I just want to put an underscore here. I've had the "ADA vs. C" discussion with various high-rel types before, and you can pretty much divide the answers down to three bins: two are filled by "my language is better because it's better", and the remaining one is filled by "get the process right, and either C or ADA will do". I don't think that anyone who is sane would want to use a language like Java or C#. If a failure can injure or kill, you need to use a tool chain and library set that's up to the task -- for avionics, they need to be certified to the same level of criticality as the code itself; I would treat automotive with the same regard. I don't think you'll find a C# compiler, much less a platform on which C# will run, that even comes close. -- www.wescottdesign.com
On 04/11/16 17:07, George Neuner wrote:
> On Fri, 04 Nov 2016 13:12:57 +0000, Chris <xxx.syseng.yyy@gfsys.co.uk> > wrote: > >> From what I've read, C# is a web / application / database programming >> language > > The "application" part is pretty accurate. > > C# is designed primarily to be a safe(r) version of C with the > addition of single inheritence objects [unlike C++ which has multiple > inheritence]. > > C# is a managed language with GC - much like Java.
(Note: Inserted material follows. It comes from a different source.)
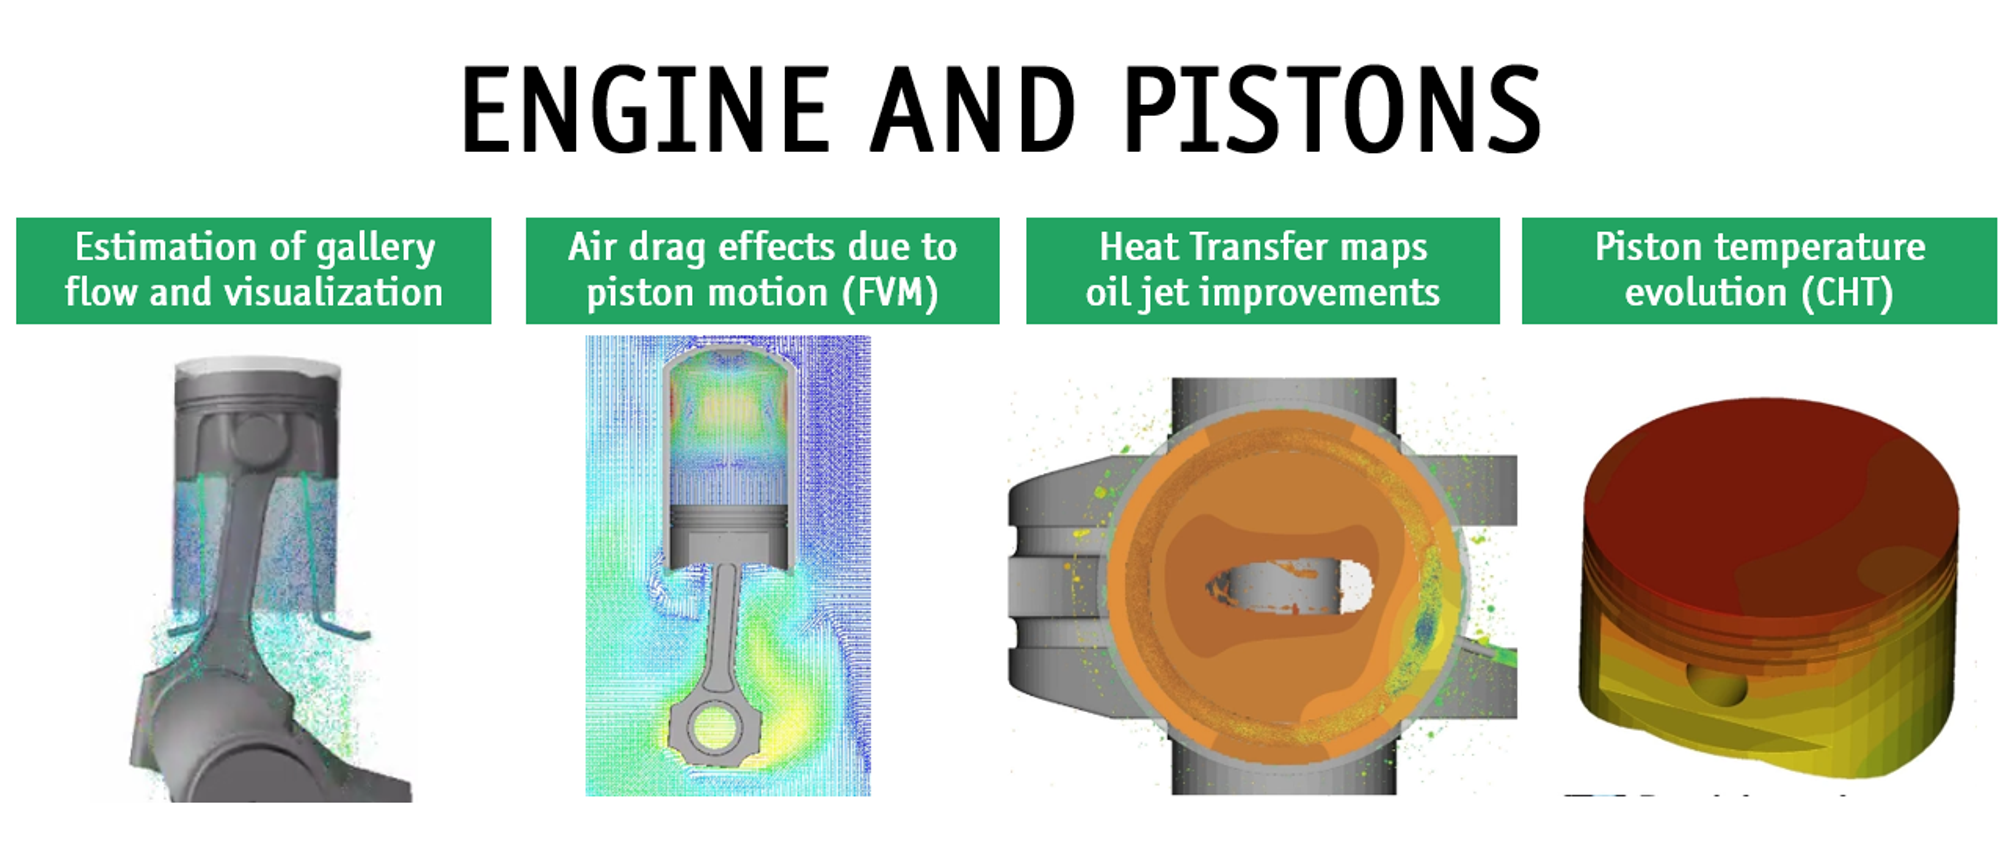 ENGINES AND PISTONS

However, unlike > Java, C# has an "unsafe" mode that can bypass the runtime, eschew GC, > and work directly with hardware. > >> and a quick look at the Wiki page suggests that the two >> most recent versions are not approved by any international standards >> organisation. > > That's probably true. I haven't paid attention to it. > >> C# raises alarm bells here for all kinds of reasons, but what do you >> think ?... > > The "alarm bells" I hear are availabiliy and performance of the CLR > runtime on your hardware. AFAIK, it's only available for Windows and > Linux. The Mono version might also run on Unix, but I don't know that > for certain. > > The "unsafe" mode of C# can do anything C can do ... but IMO there's > no point to C# unless you are going to use objects and GC - and that > requires the runtime. >
There are two /very/ different meanings of "safe" here. In typical c.a.embedded systems, "safe" means "Code does exactly what the designer wants it to do, otherwise someone could be injured or killed". In the world of C#, Java, Windows, etc., "safe" means "is unlikely to have serious security flaws that let bad guys steal your passwords and send you adverts for small blue pills". I would not trust C# to be more than mid-level "safe" in its own meaning of the word, and that's before anyone writes a line of application code. Neither the tools, the run-time libraries, nor the platforms it runs on come anywhere close to c.a.e. "safe". (The language itself might be all right - as has been pointed out, it is the process that has to be safe, not the language.)